**WORK TO COMPLETE**
Find the word "Black" in the listing below. Copy every line that has it.

=======

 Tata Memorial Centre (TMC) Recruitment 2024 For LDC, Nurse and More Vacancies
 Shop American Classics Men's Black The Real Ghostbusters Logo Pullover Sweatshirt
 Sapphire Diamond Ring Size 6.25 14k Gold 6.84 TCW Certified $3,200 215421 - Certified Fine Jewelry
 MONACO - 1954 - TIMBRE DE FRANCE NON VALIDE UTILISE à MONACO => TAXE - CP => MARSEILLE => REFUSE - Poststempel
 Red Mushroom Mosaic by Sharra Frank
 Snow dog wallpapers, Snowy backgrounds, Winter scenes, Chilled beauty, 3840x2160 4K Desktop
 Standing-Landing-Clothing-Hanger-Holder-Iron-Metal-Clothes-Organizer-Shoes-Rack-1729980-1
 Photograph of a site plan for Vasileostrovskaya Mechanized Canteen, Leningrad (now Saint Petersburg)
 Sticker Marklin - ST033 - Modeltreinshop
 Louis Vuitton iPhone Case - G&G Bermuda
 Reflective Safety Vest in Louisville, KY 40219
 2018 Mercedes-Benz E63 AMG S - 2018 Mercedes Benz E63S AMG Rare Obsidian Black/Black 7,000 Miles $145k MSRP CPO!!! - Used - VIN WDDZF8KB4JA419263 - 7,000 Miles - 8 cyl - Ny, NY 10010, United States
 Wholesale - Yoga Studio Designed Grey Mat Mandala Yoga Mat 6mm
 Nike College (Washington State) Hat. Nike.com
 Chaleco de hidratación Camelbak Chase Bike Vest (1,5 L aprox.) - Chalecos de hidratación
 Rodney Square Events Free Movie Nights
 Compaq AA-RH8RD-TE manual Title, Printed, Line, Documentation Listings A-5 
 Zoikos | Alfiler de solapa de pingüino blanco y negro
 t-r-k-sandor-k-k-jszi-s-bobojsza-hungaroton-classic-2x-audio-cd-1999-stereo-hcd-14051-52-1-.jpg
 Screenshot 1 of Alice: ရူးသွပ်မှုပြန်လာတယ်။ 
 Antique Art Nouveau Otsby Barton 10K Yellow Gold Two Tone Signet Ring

=======

**RESULT BELOW**
 Shop American Classics Men's Black The Real Ghostbusters Logo Pullover Sweatshirt
 2018 Mercedes-Benz E63 AMG S - 2018 Mercedes Benz E63S AMG Rare Obsidian Black/Black 7,000 Miles $145k MSRP CPO!!! - Used - VIN WDDZF8KB4JA419263 - 7,000 Miles - 8 cyl - Ny, NY 10010, United States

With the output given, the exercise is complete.